Okay… Second
apology in a row. I obviously didn’t get around to the photo update, so
hopefully you guys will forgive me and find pleasure and satisfaction in a
simple textual update.
On Sunday I worked in the garden
for quite some time. I got another raised bed cleaned out, de-sodded, refilled,
worked up, and planted to a salad garden. I tried to plant as many thirty day
varieties as possible, because my sister’s wedding is coming up in just over a
month, and the reception is going to be held here on the farm… I would like it
to look both operational, and appetizing… So I have been working double duty in
the garden areas… Still, there is way too much to feasibly accomplish in thirty
days… but fuck it; what to do? One day at a time…
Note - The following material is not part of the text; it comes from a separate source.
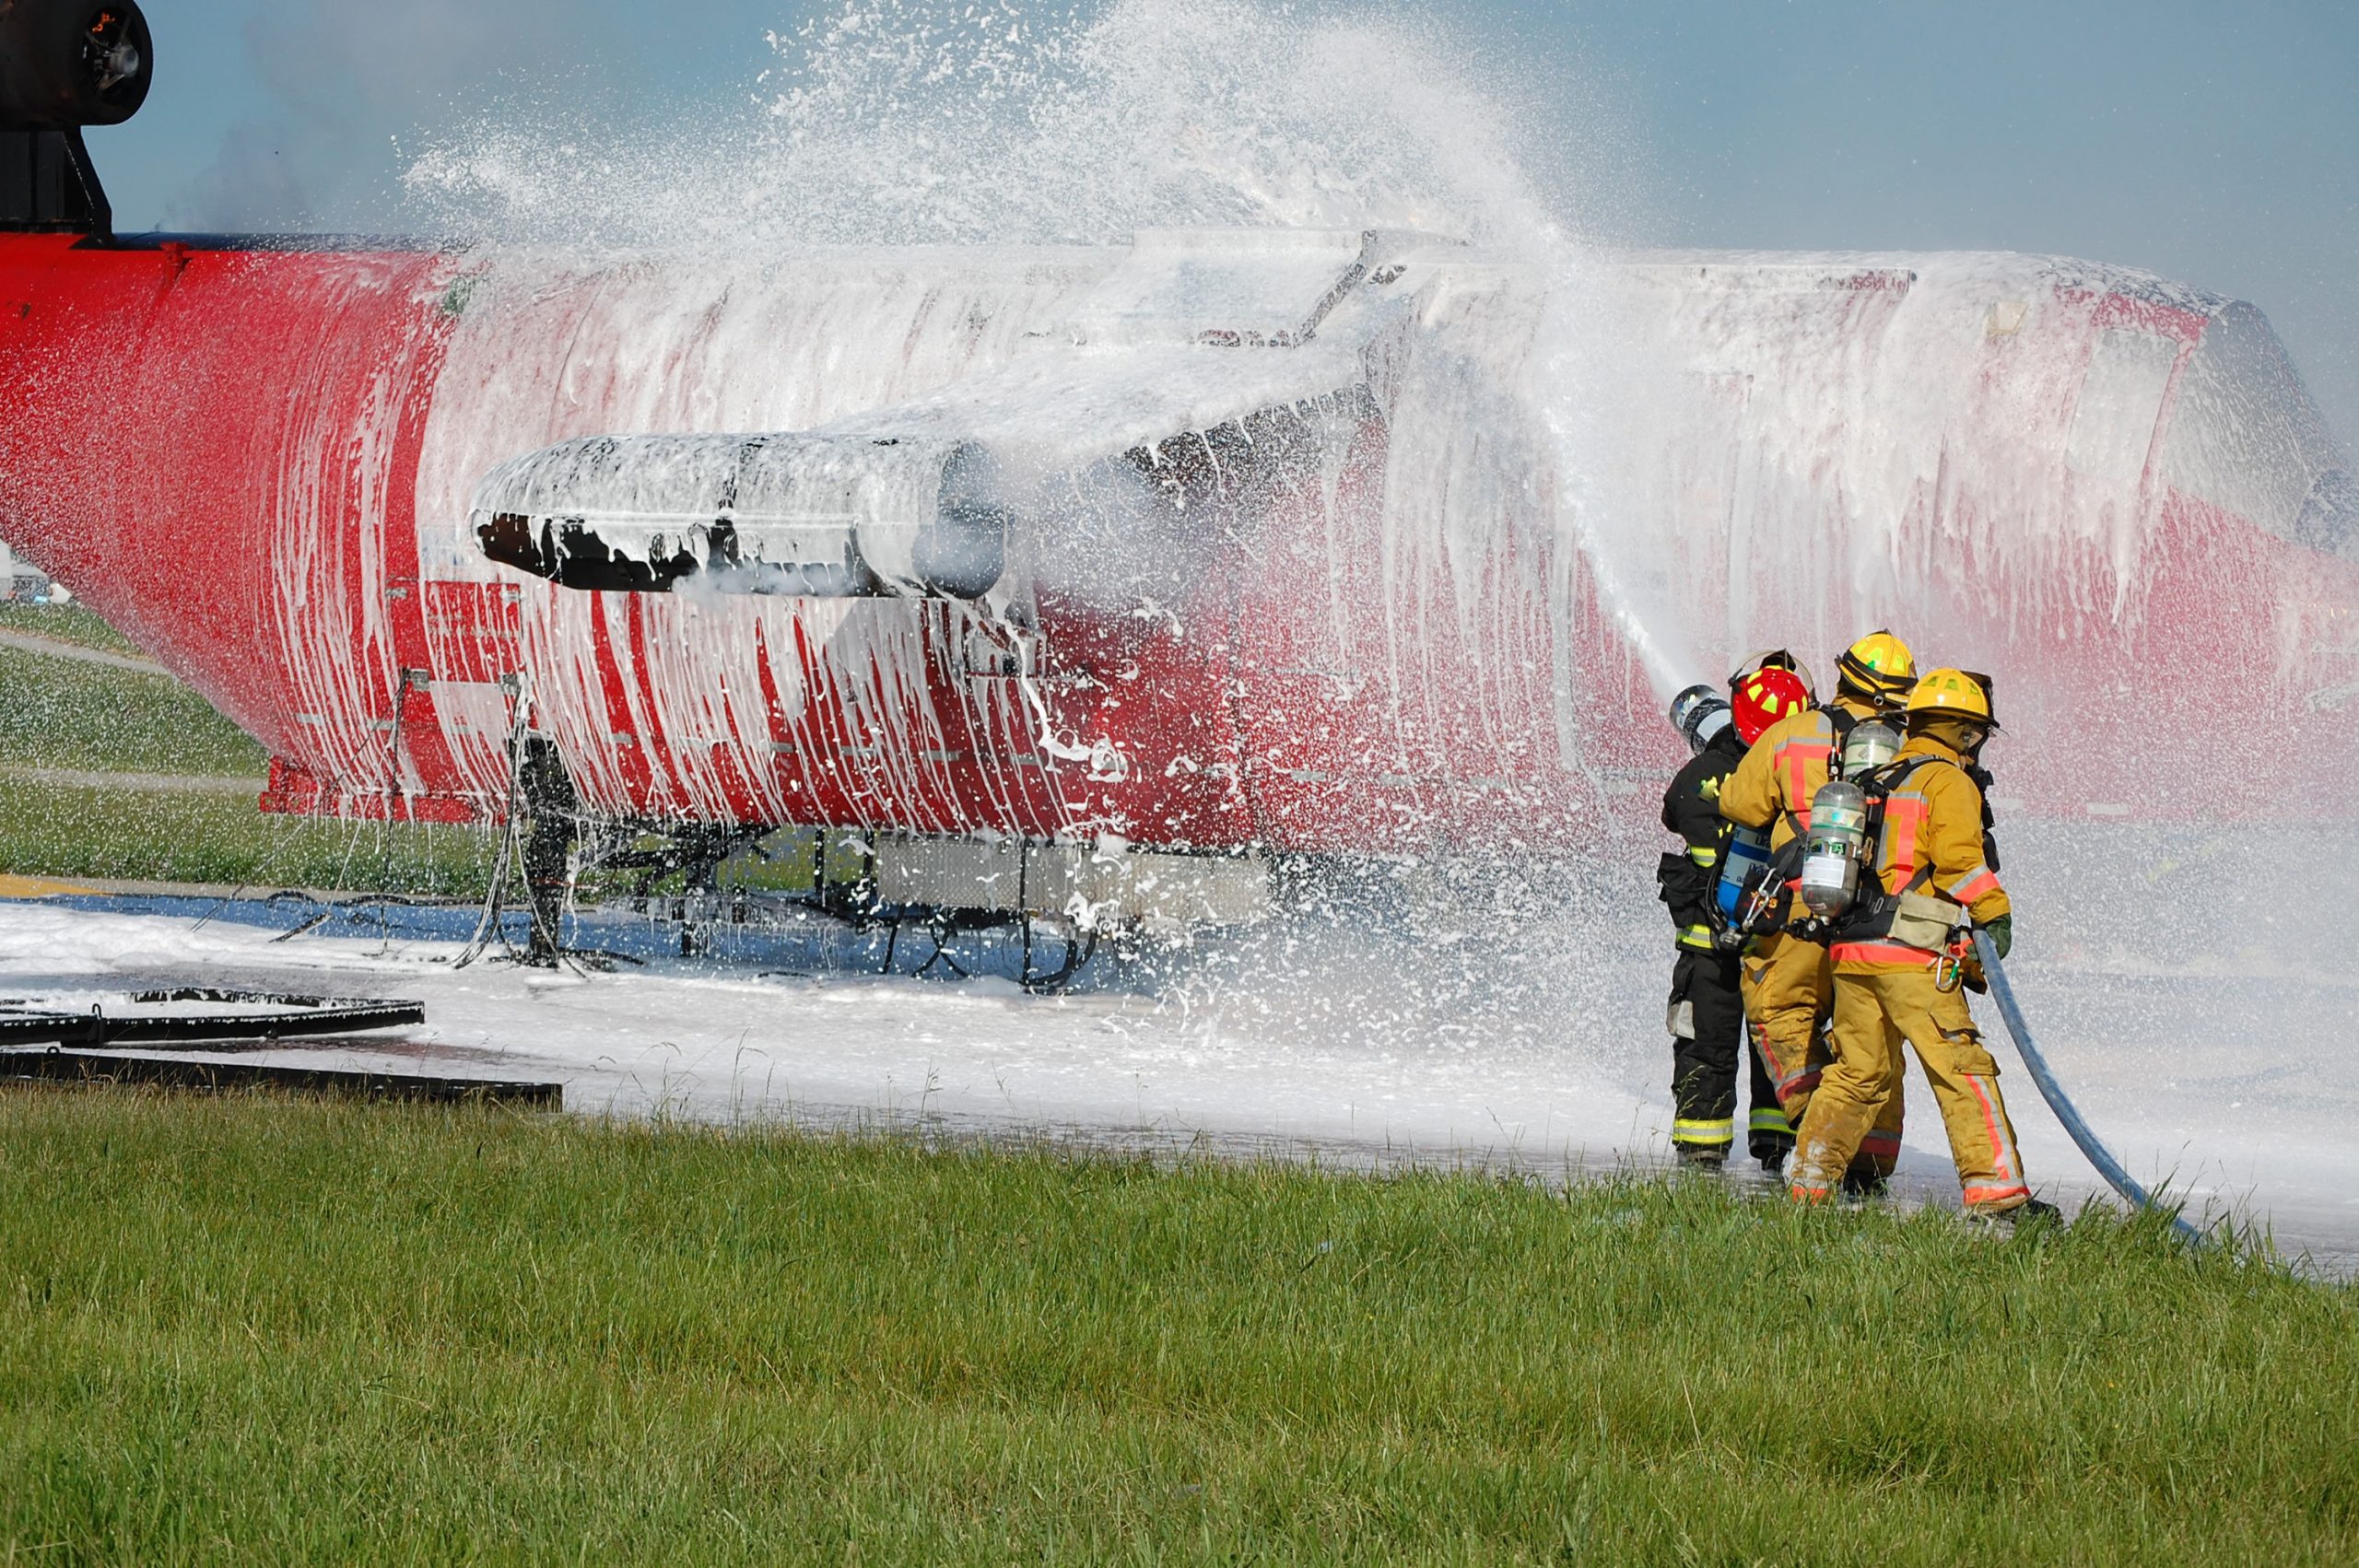 Firefighters spray an airplane with firefighting foam.
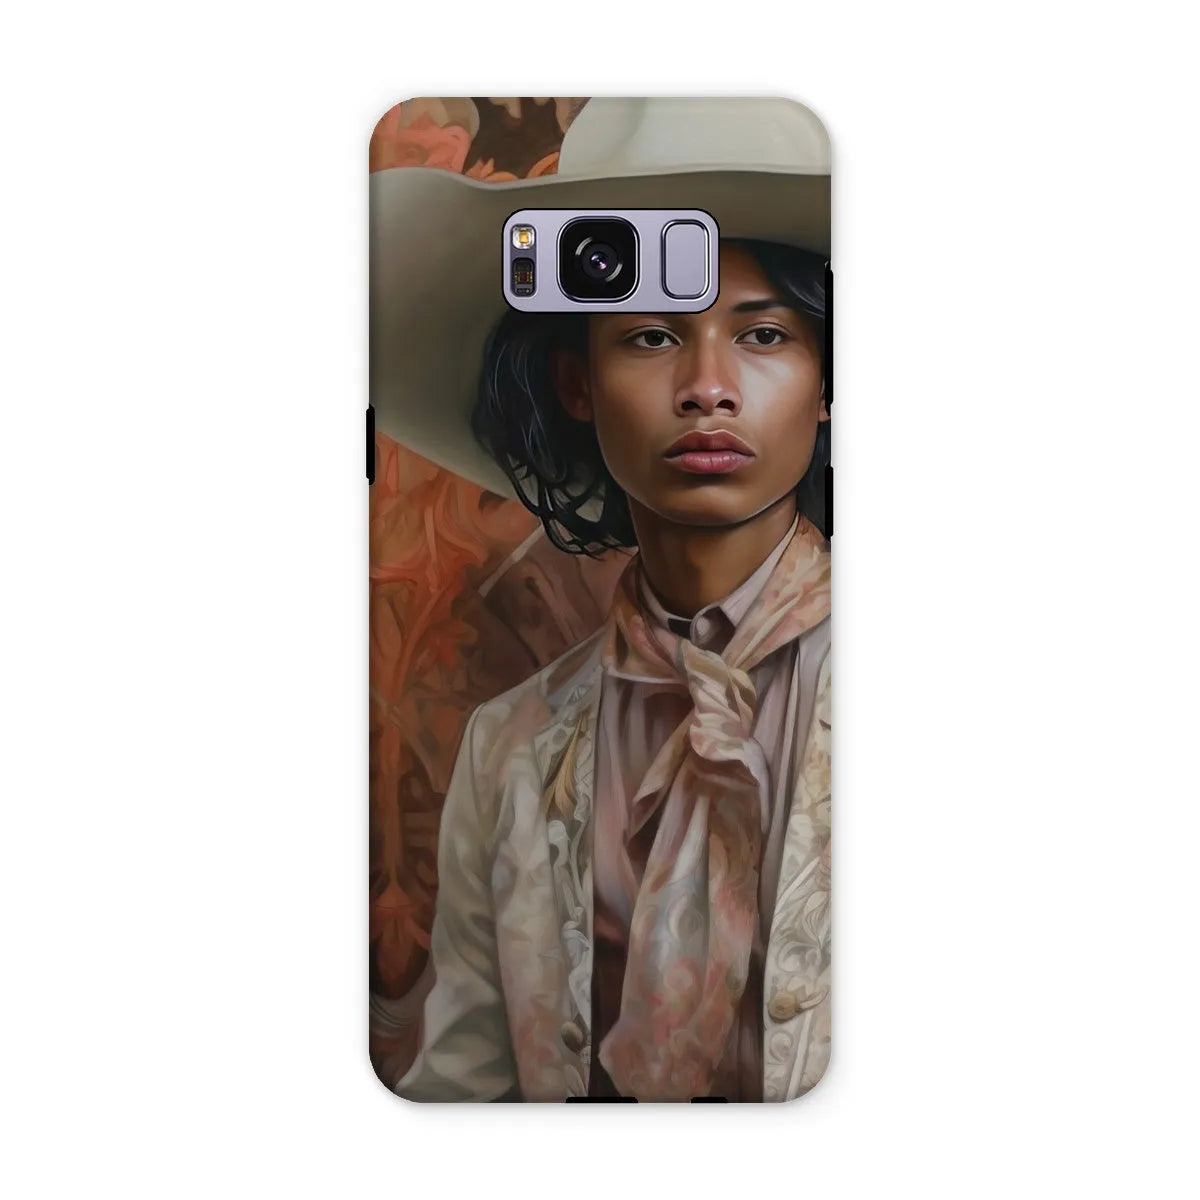 Arjuna The Gay Cowboy - Gay Aesthetic Art Phone Case - Samsung Galaxy S8 Plus / Matte - Mobile Phone Cases - Aesthetic

I forget what I did on Monday –I
know it rained… but I don’t remember what I did. I know that in the evening I
finally got around to building Feta her pen… which, she needed dearly for her
own safety; she was starting to spend a lot of time playing in the driveway and
napping under parked vehicles. Maybe later today when I make it out to the barn
to milk I will take of picture of her in her new home for you guys.
Then after
the pen was built we ran around catching all of the roosters we had just
hanging out free-ranging it up on our property. We had twenty-six (that we
counted) that have spent the past two years just running around the yard and
the farm, with no cage, or coop, to call home. We rounded up twenty-three of
them on Monday night and then spent all day Tuesday butchering them. That was a
chore and a half. We started around nine A.M. and we got the last one broke
down and in the vacuum sealed freezer bag just before midnight. I was exhausted
as hell, but I went to bed with such a feeling of contentment I couldn’t even begin
to explain. I have slightly mentioned off-handedly in past blog posts that I
haven’t been a “farmer” full time… well, really, ever… I was born and raised on
a farm, but as most teenagers who have sex, popularity, sex, coolness, and sex
on their list of priorities, milking goats was far from the top of the list of
things I would rather be doing on a Friday night. After joining the Navy and
spending almost a decade traveling the world smoking and drinking too much, and
eating factory farmed fifth that was getting more and more expensive, I guess
you could say I saw the light. (What I am about to say within these parentheses
is so off topic I wish I could insert footnotes in a blog post… But, in my
experience, factory farmed filth is a uniquely American dietary phenomenon.
Whether I was in Italy, or Greece, or Spain, or any multitude of Middle Easter
countries, the food was always fresh, authentic, local, and full of culture and
tradition –and delicious- In other words, nothing like the American food
culture). That is why I quit my very high paying job to move back to Michigan
and move back in with my parents on the family farm. Now my Friday nights are
filled with cleaning our goat pens and tending to the garden, and last night –after
fifteen straight hours of butchery and blood- I guess you could say I saw
another light; I saw and felt content with where I am at in my life… regardless
of how my priorities may appear to an outsider from the 21st century
world of excess, lost desires, failed dreams, and ambitions.
Today, it is
raining again –thunder storming to be more precise. This is a good thing. It
has been so dry here all spring so far, and the oats and non-gmo corn that we
planted for animal feed really, really needed it. Luckily there are some things
I can get done around the indoors today. I have three giant stainless steel
pots simmering away on the stove with ten of yesterday’s chicken carcasses
slowly turning into stock. I am going to let them simmer away for about another
hour, and then I will have to get out the pressure canner start preserving it
up.
Tonight, I
believe, I will make an attempt to cook up some sort of chicken dish or other
in celebration of local family grown organic food… but that is still to be
seen; it depends on how quick this pressure canning process goes… if it all
goes as scheduled it should take about four hours, but I have a unique way of
getting sidetracked (I went out to clean the chicken cages out of the back of
my truck this morning, and found myself thinning the turnips before I caught
myself…)
I will try to stop promising
updates, especially during the spring and summer season… things are a bit
chaotic and busy around here… I guess all I can promise is I will do my best to
keep you guys as up to date as I can… Check back soon.